One Journal to Rule Them All
One journal to find them, one journal to illuminate our thoughts and in its pages bind them
🌸 ikigai 生き甲斐 is a reason for being, your purpose in life - from the Japanese iki 生き meaning life and gai 甲斐 meaning worth 🌸
✨ I fell in love with the Lord of the Rings trilogy as a teen (dreaming of Arwen Evenstar, obviously). Just as one ring bound together Tolkien's entire world, I've found that one journal can weave together all the scattered threads of my life, it might lack magical elvish inscriptions, but it holds its own kind of power
✨
… I just watched someone on YouTube asking why so many people are now obsessed with pocket notebooks (as if stationery lovers need much excuse for buying more hehe).

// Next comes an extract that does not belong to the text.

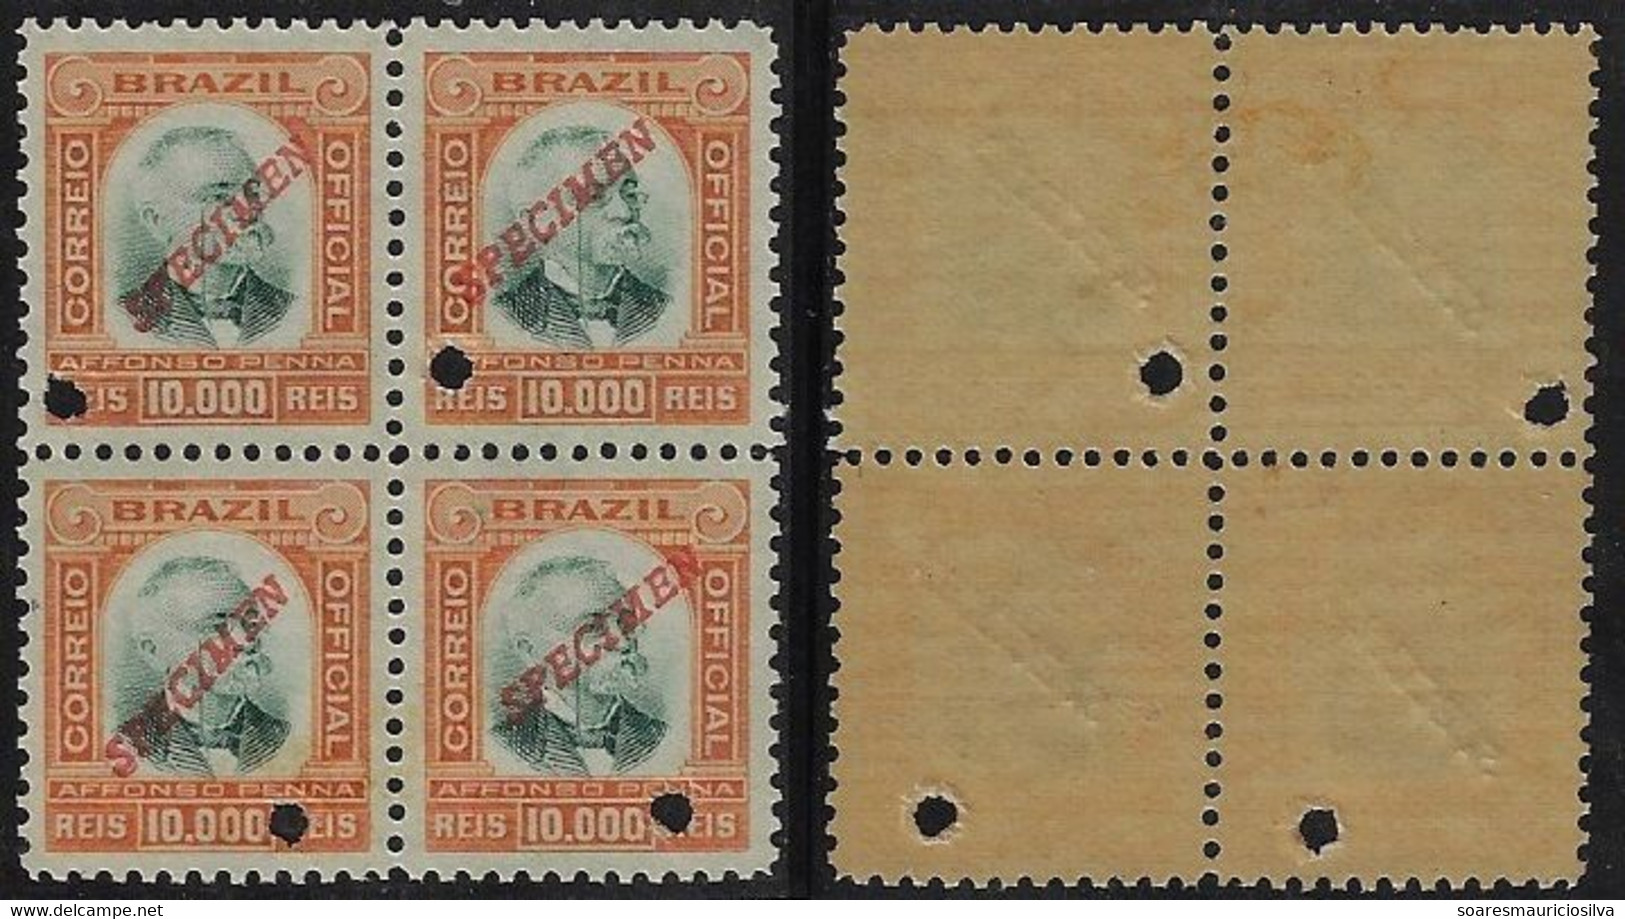 Brazil 1906 RHM-Official-13 President Afonso Pena 10,000 Réis Block Of 4 Stamp With Hole And Overprint Specimen Unused - Officials

His method? Three different pocket-sized notebooks. A rough book for messy thoughts, a log book for recording his life, and a commonplace book for quotes and insights.

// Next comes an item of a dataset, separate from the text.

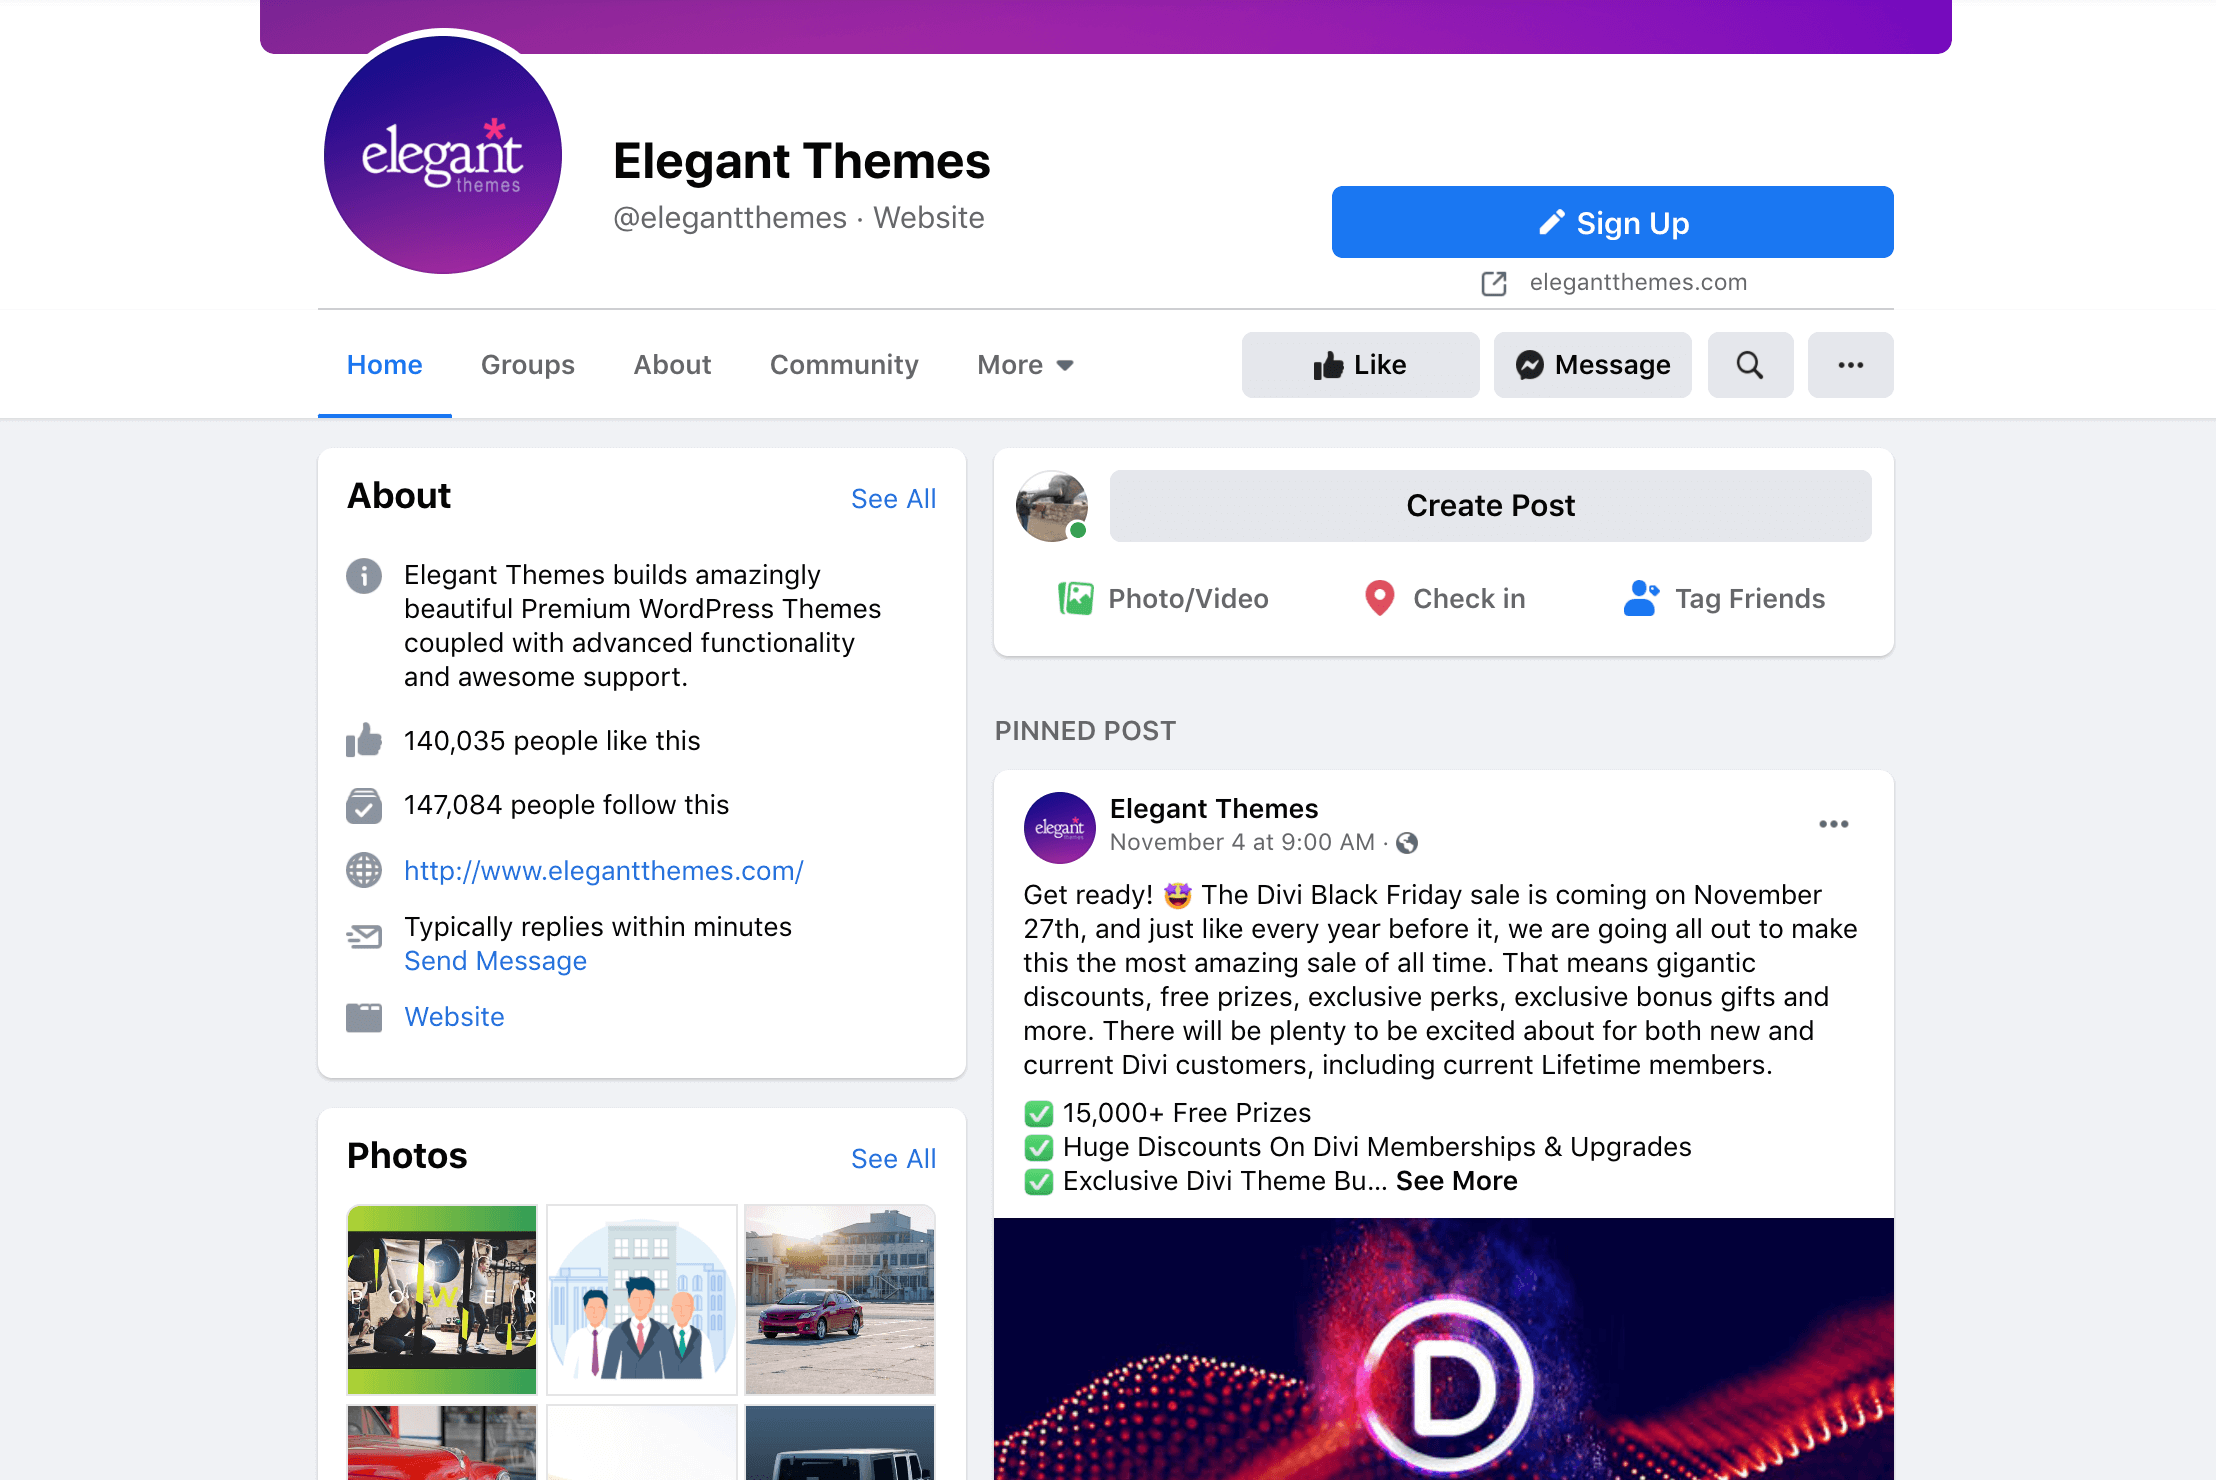 The Elegant Themes Facebook page.

All I could think was...why complicate something so beautiful with fragmentation?
My A5 hardcover dot grid journal goes everywhere with me. Stuffed into bags, surviving food spills, and bearing the scars of more than a few drops and bashes.
It's not just a notebook, it's the command centre of my entire life *grin*. This single journal approach has really driven my personal development, bringing clarity where there was chaos and connection where there was none.

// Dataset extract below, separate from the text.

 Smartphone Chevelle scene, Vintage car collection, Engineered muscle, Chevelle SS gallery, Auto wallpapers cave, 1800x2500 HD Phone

Arguing the case for only one journal at a time does slightly run contra to my love of buying them, but I also get through it in about 6 months, so I get to start a new one often enough for it to be fun but not so often it's a pain!
The magic of one
How much mental energy do we waste deciding which app to use for which type of thought?
In the digital world it is common to have an app for tasks, another for journaling, another for creativity, another for tracking habits... and then there's the notifications, the updates, the subscription fees… suddenly your simple desire to organise your life has become yet another source of stress.
I love that lots of people are rediscovering the joy of analogue, but for those advocating for multiple books how do you remember exactly which notebook you jotted that brilliant idea in?
There's something magical about having just ONE place where everything lives.
When everything goes into in a single journal, you eliminate decision fatigue. Every random thought, shopping list, future plan, creative spark and daily reflection has a home. No more "which tool or book for which purpose?" anxiety. Just turn to the next blank page and start writing.
One of the most powerful aspects of a single journal is the way it mimics how our brains work. Our thought trains don't come neatly categorised. They're messy, interconnected, and often surprise us with unexpected links between seemingly unrelated areas of our lives.
My bullet journal reflects this beautiful chaos. One page might contain my monthly calendar, the next a brainstorm for an essay, followed by notes from a podcast, then a list of books I want to read. This natural flow creates connections I would never discover if these thoughts were siloed in separate notebooks or apps.
I honestly can't count the number of times I've flicked through my journal looking for something specific, only to stumble upon an idea I'd forgotten that suddenly seems relevant again. These serendipitous discoveries just don't happen when everything is separate.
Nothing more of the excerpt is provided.